8 Months In

by Olivia Miller
@olive9124

Today (January 23) marks my eight months as a professional Academic Advisor – ¾ of a year has somehow already gone by, and I have already learned so much about my role, my institution, my professional association and myself. To break down these eight months by numbers I have had 166 scheduled appointments, 514 walk-in appointments, worked with 35 students on academic probation, and have asked hundreds of questions to my supervisor/our director/my coworkers, and had a few less donuts along the way. The past eight months have been full of learning, personal and professional growth and building relationships. This article outlines the top eight lessons I have learned in my first eight months as an SAPro.

  1. You do not know everything, and you are not supposed to (or expected to) know everything. I have not had a week go by yet without asking my supervisor something about a policy or a student, but I do not feel stupid or silly asking for help.

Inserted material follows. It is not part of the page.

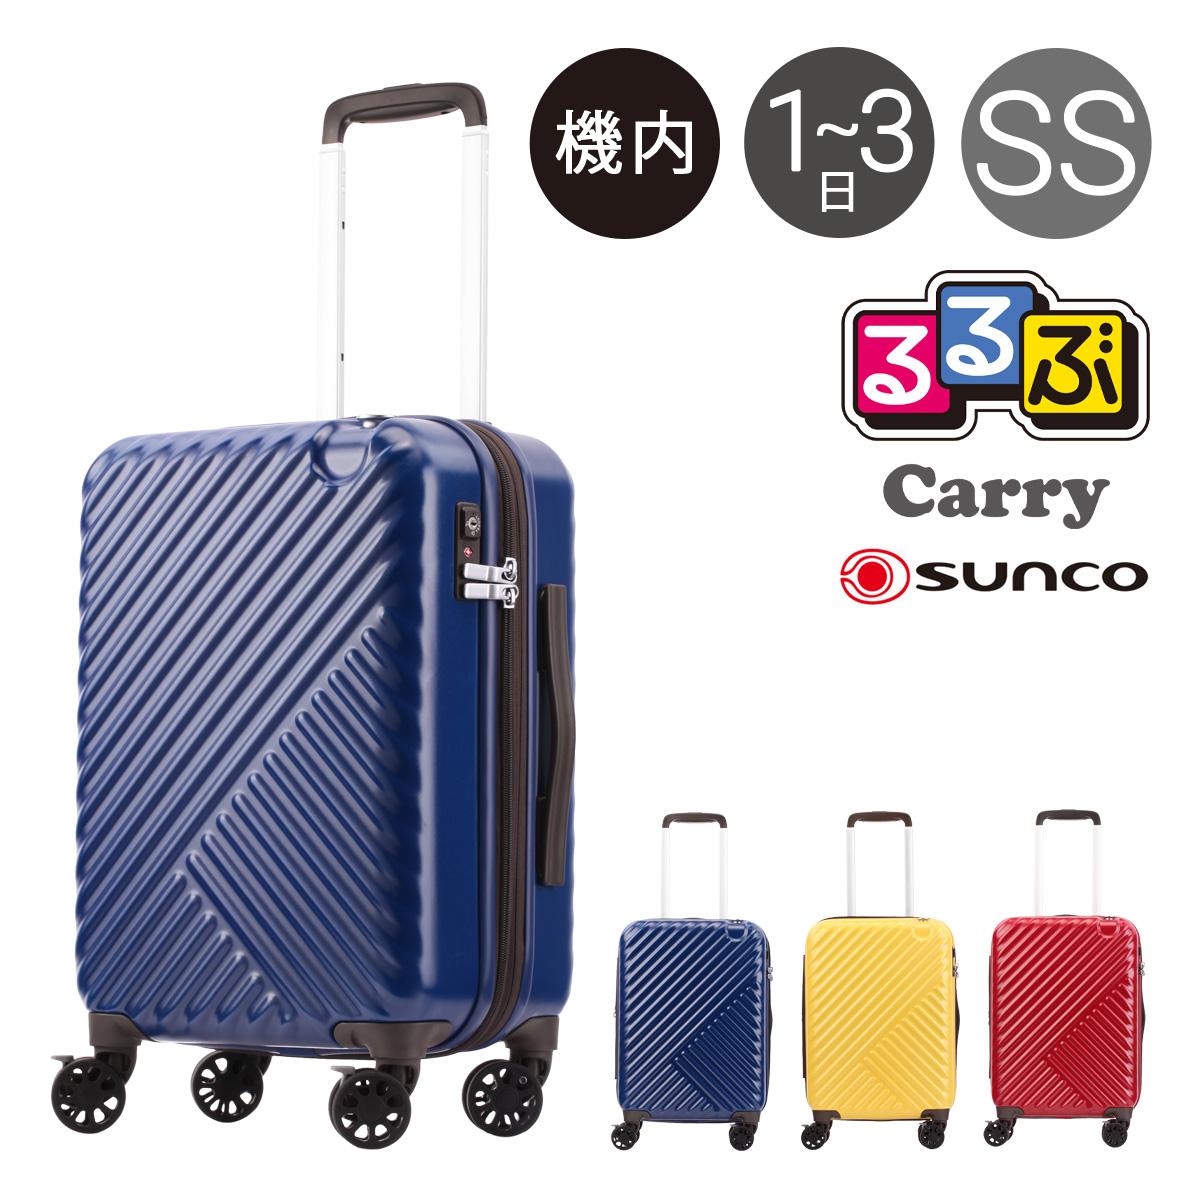 サンコー スーツケース 機内持ち込み 32L 46cm 2.8kg るるぶキャリー RRBZ-46 SUNCO|ハード ファスナー キャリーバッグ キャリーケース 拡張 ストッパー付き TSAロック搭載 HINOMOTO[bef]

  2. Relationships are key. My favorite part of my job is my relationships – with my staff, with my department liaisons, with other advisors on campus, and of course my students. Many people go/get into this profession because of people and wanting to help people, and I get that every day at my job. I love meeting with students who feel comfortable with me and seek me out as someone they can trust will help them.  I also thoroughly enjoy working with my staff – they say it is all about fit during the job search, and I found the best fit at UNL.
  3. Build connections outside of your office. Another aspect that I have enjoyed is meeting and working with people outside of my office. I voluntarily joined a “cluster group” – a mix of advising/student affairs professionals of various levels and experience, and have connected with a group of advisors who have been at UNL for less than a year. Both of these are unique support groups outside of my office that I feel comfortable going to and grow with together.

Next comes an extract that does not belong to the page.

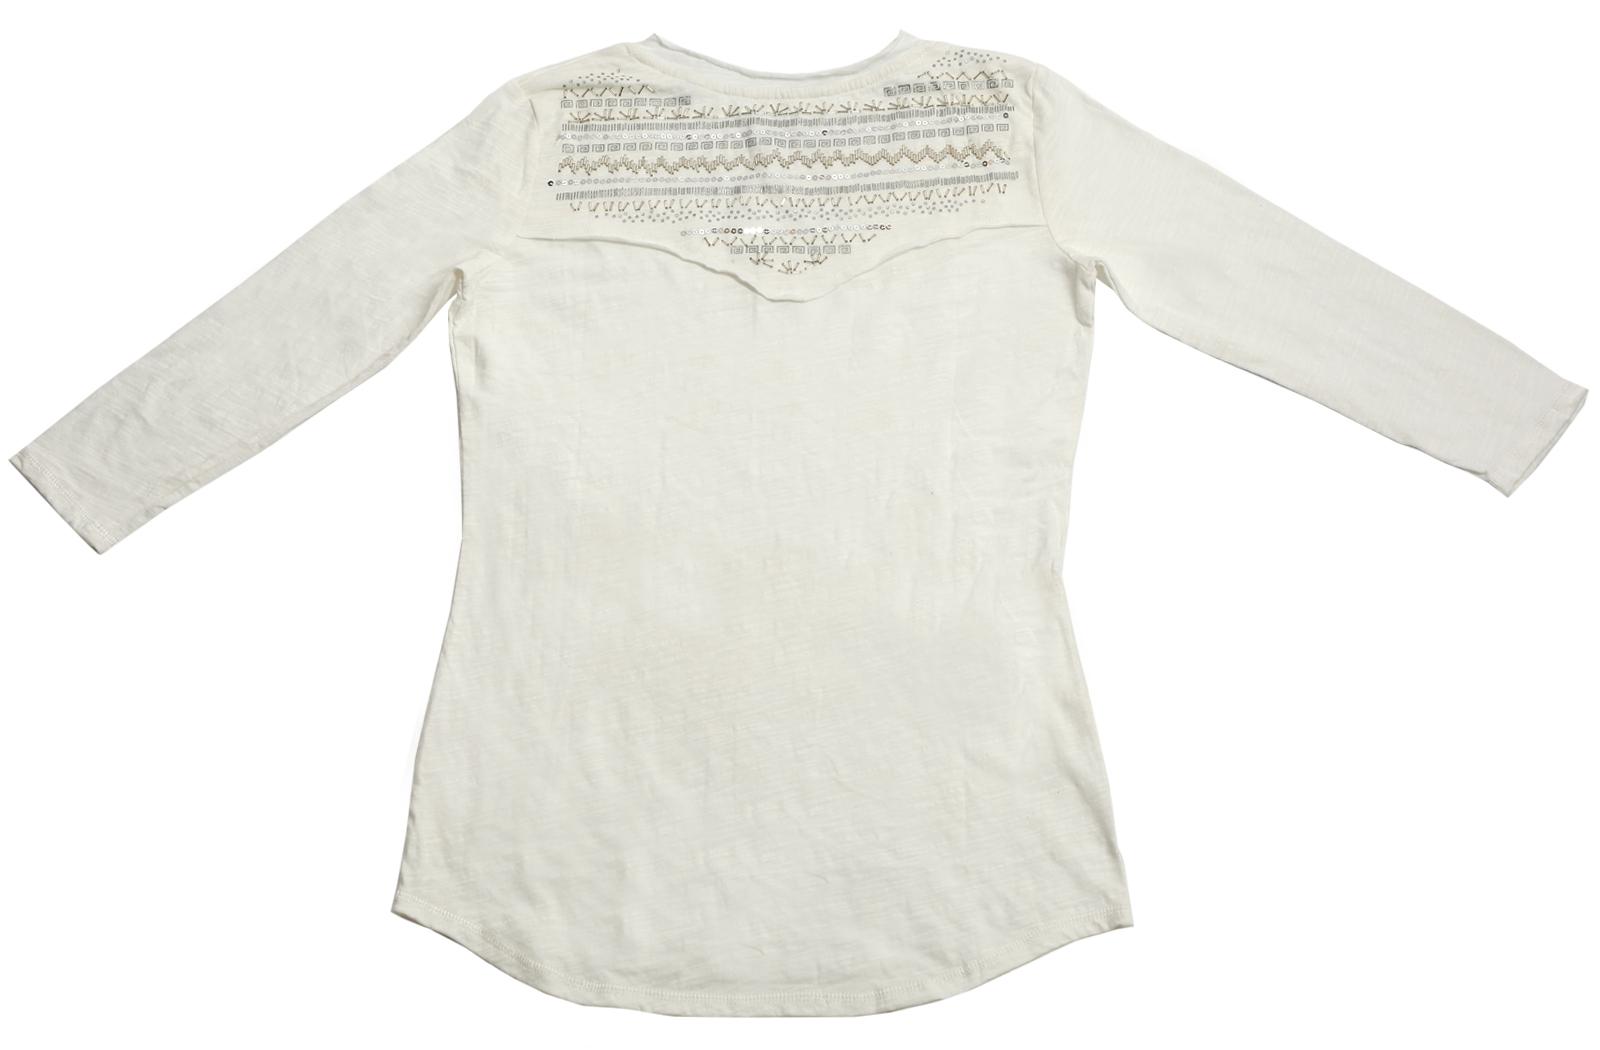 Купить белоснежную кофточку с декоративными плечами от бренда Panhandle Slim по специальной цене

  4. Track your growth and development. Early on my supervisor had me outline goals that I had as well as my own advising philosophy, then we have put into place new quarterly self-assessments. During my graduate assistantship, I only had reviews at the end of each semester. With these quarterly assessments, I have found myself more accountable with what I want to work on, achieve and how to get there.  I also keep track of my numbers – how many appointments, what types of appointments, so I can quantify my work.
  5. Get connected with your professional association. As an advisor, NACADA is my professional work and I find myself on their website multiple times a week to see how I can learn from them and get involved. As many of you know, I attended my first national conference last October, got connected with many other advisors in person and on Twitter, and have had extensive conversations with my supervisor about my professional development. Goals for 2017 include: be a conference proposal reviewer, write a book review for our journal, and possibly submitting a proposal of my own.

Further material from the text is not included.